■ Source data

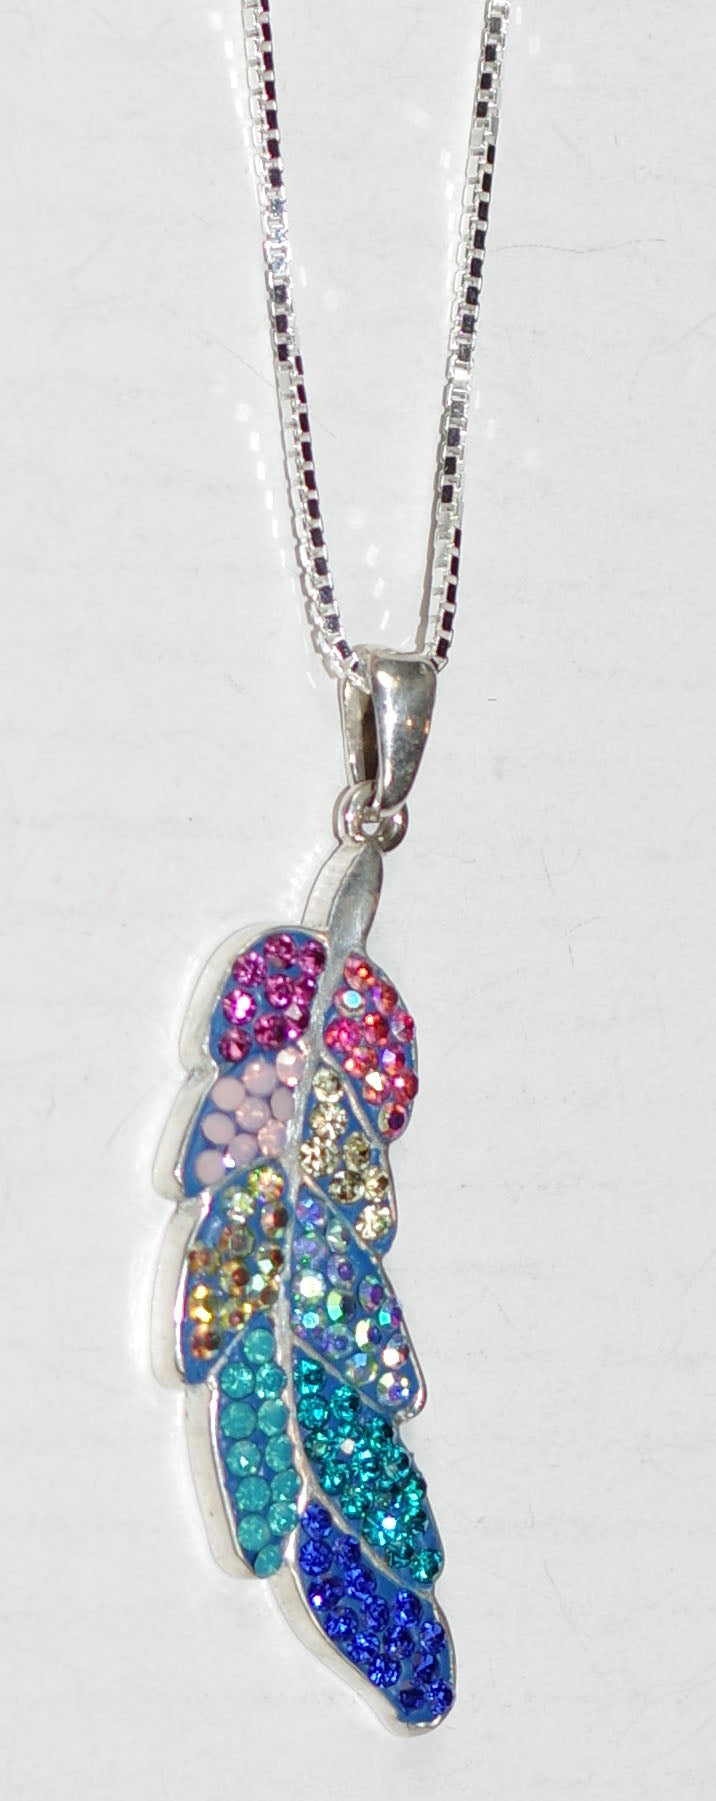 MOSAICO PENDANT PP-8699-A: multi color Austrian crystals in 1.25" solid silver pendant, 18-20 inch adjustable silver chain
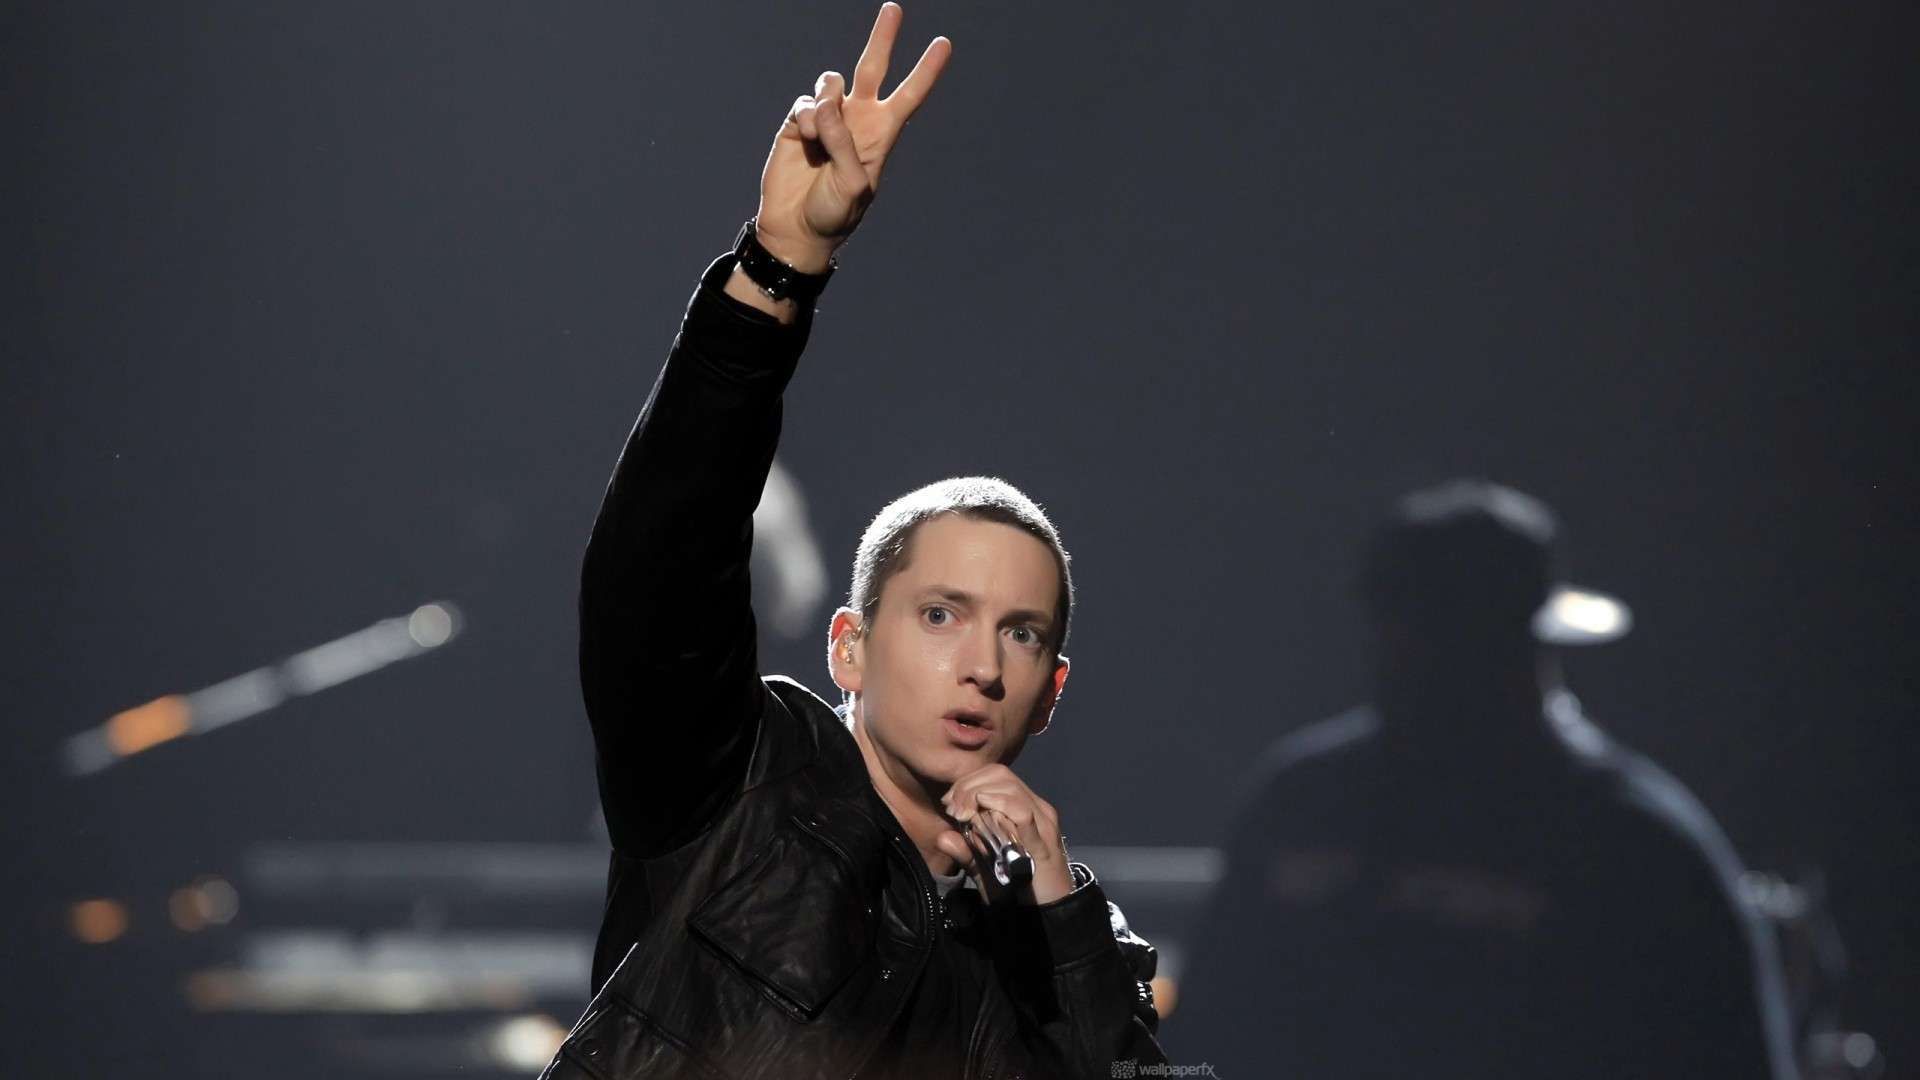 Now Eminem Singing HD Wallpaper 1080p Read Description
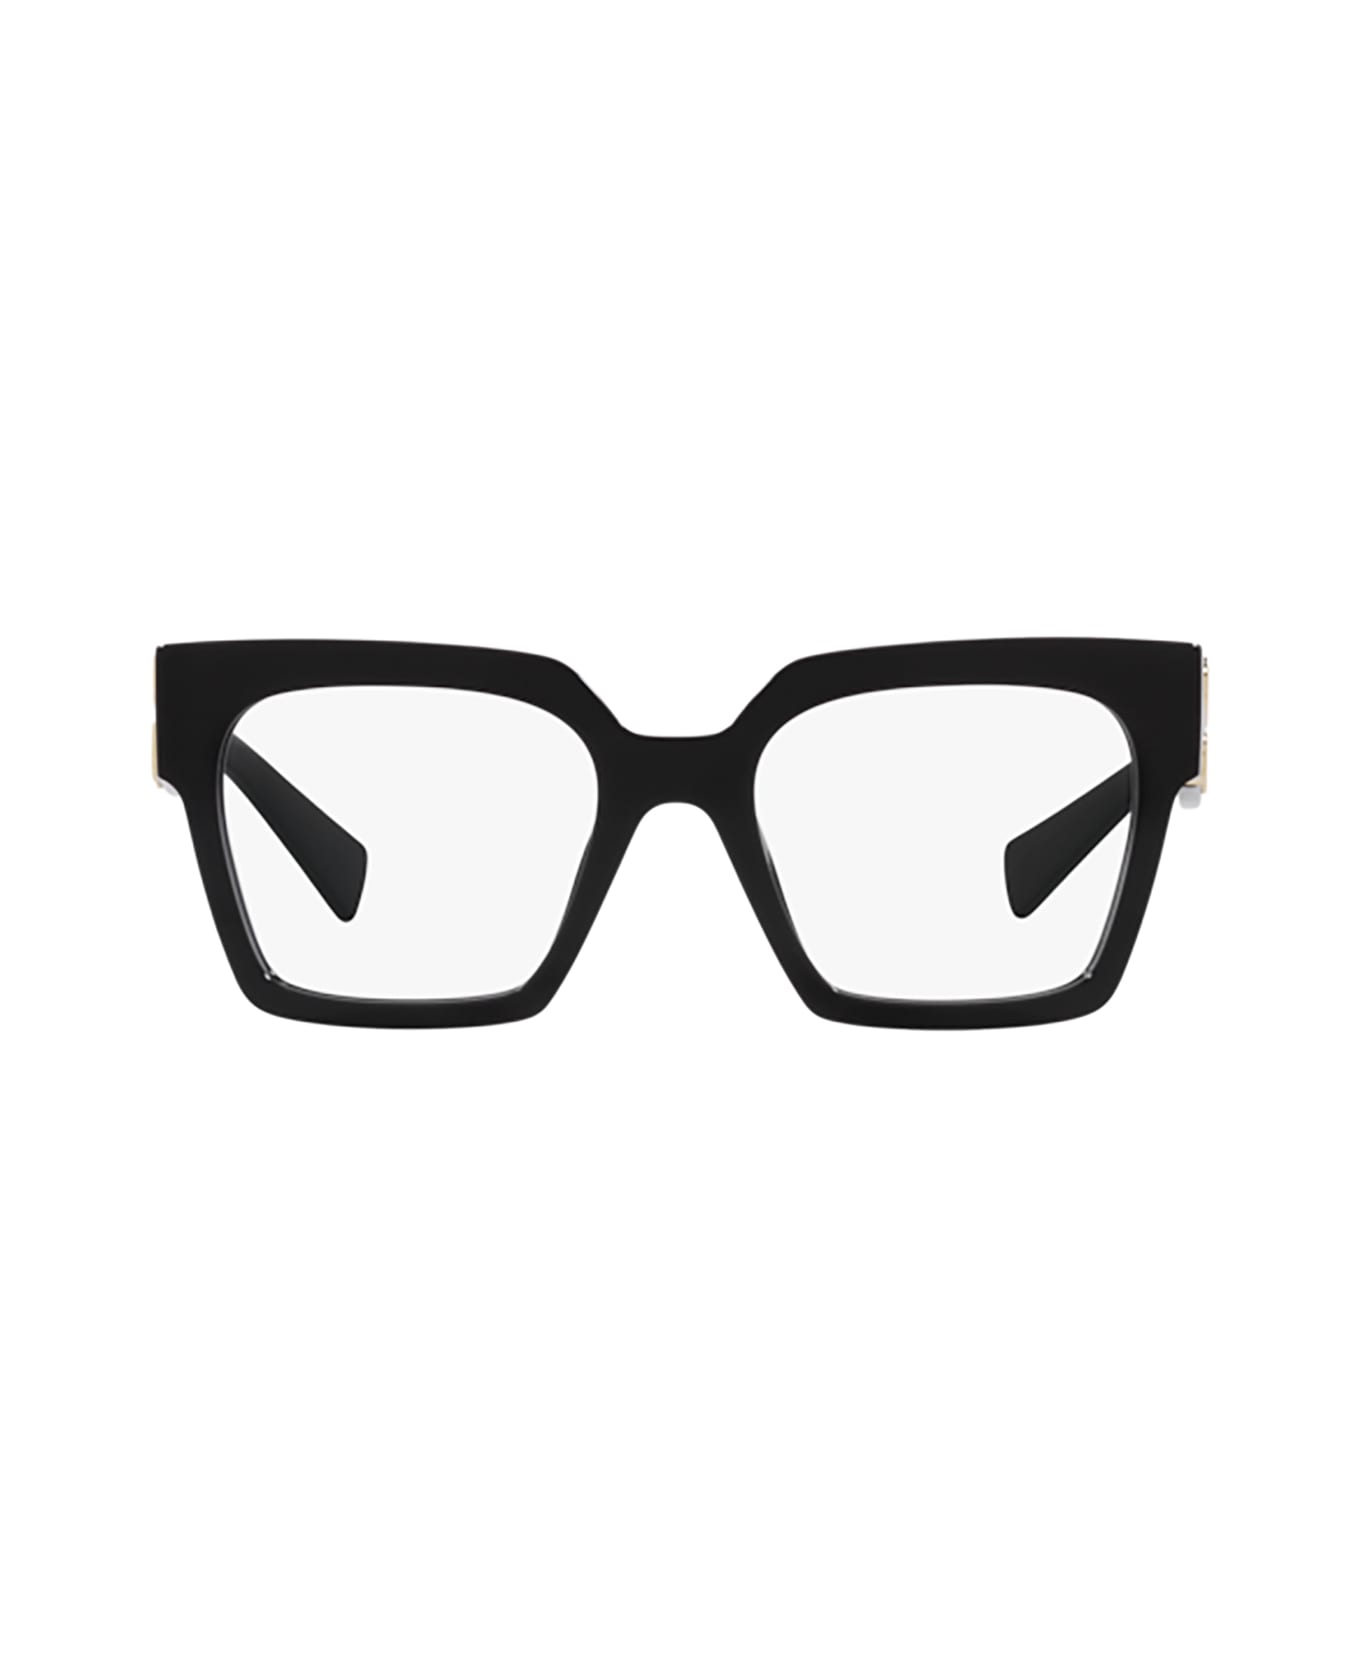 Miu Miu Eyewear Mu 04uv Black Glasses - Black
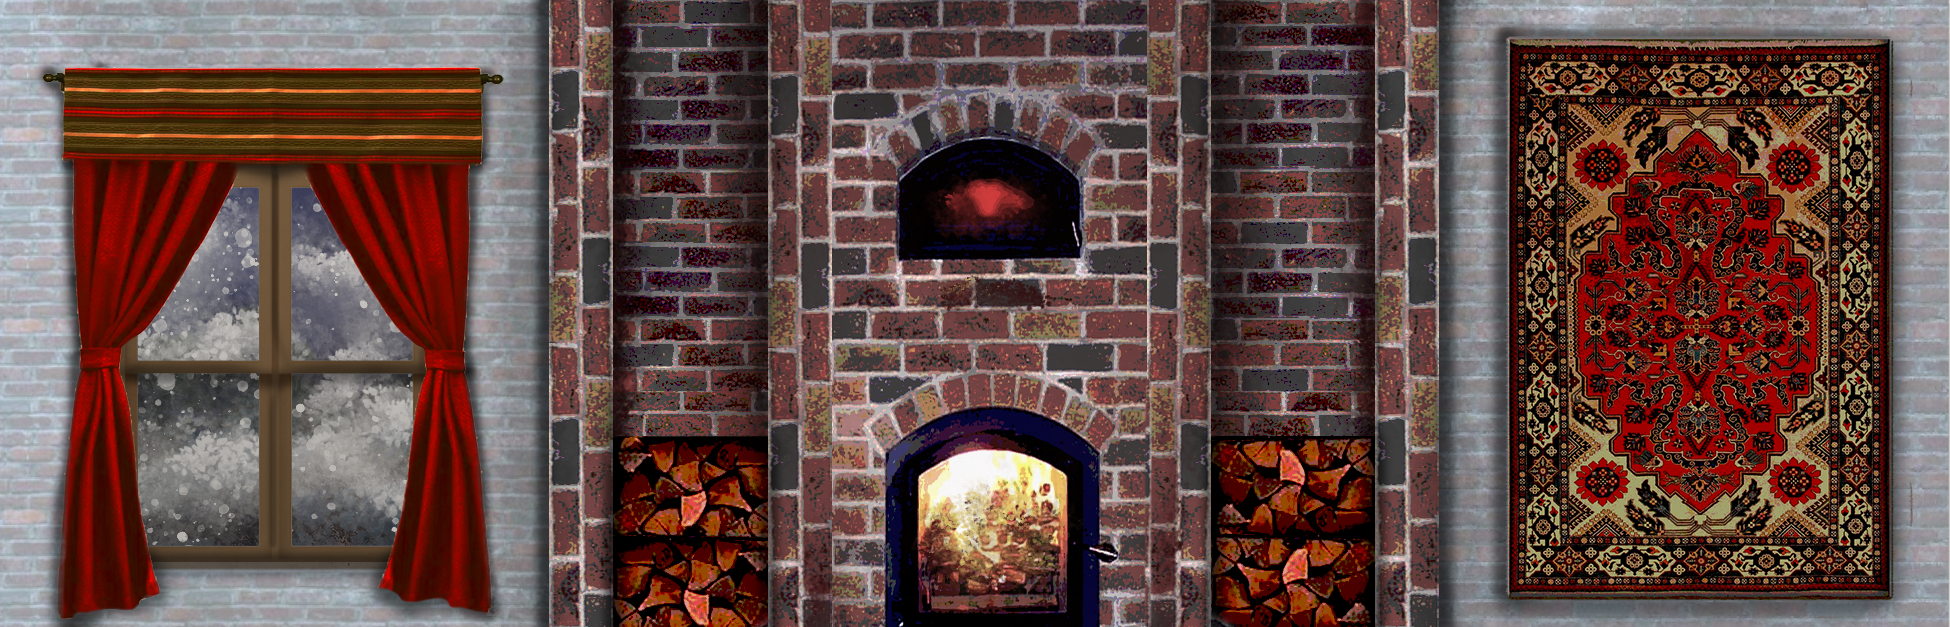 SU Three Sisters Fireplace wallv3.png
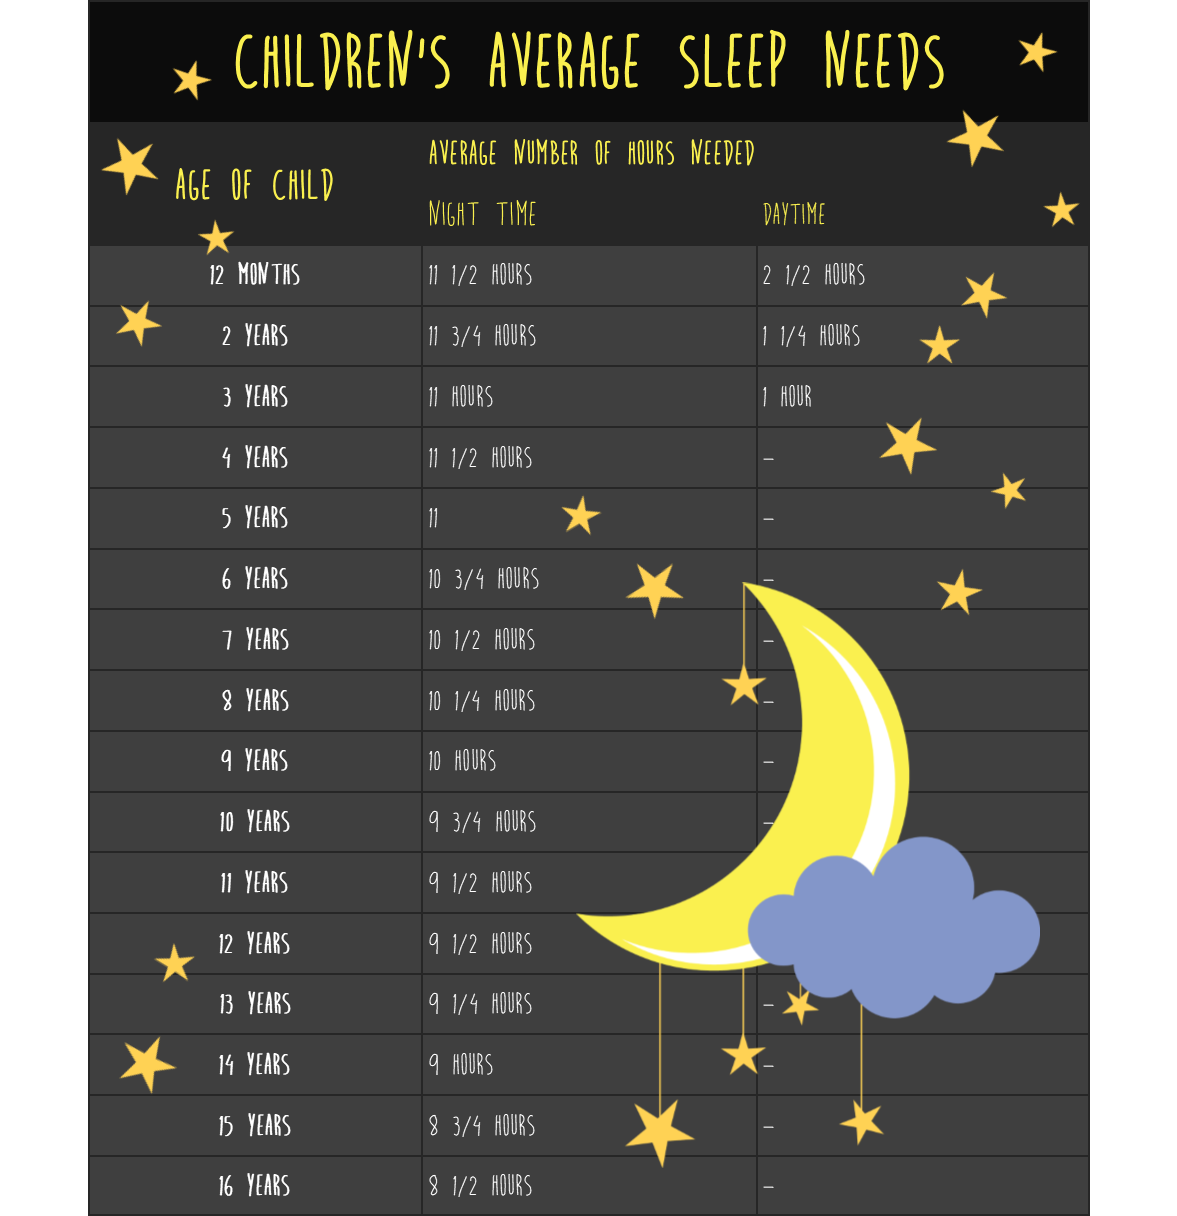 Children's average sleep needs

■ Task requirements
Leave every picture out, and reproduce exactly the lines from the line bearing "SU Three Sisters Fireplace wallv3.png" through the closing line of the material above.

■ Your solution
 SU Three Sisters Fireplace wallv3.png
 Children's average sleep needs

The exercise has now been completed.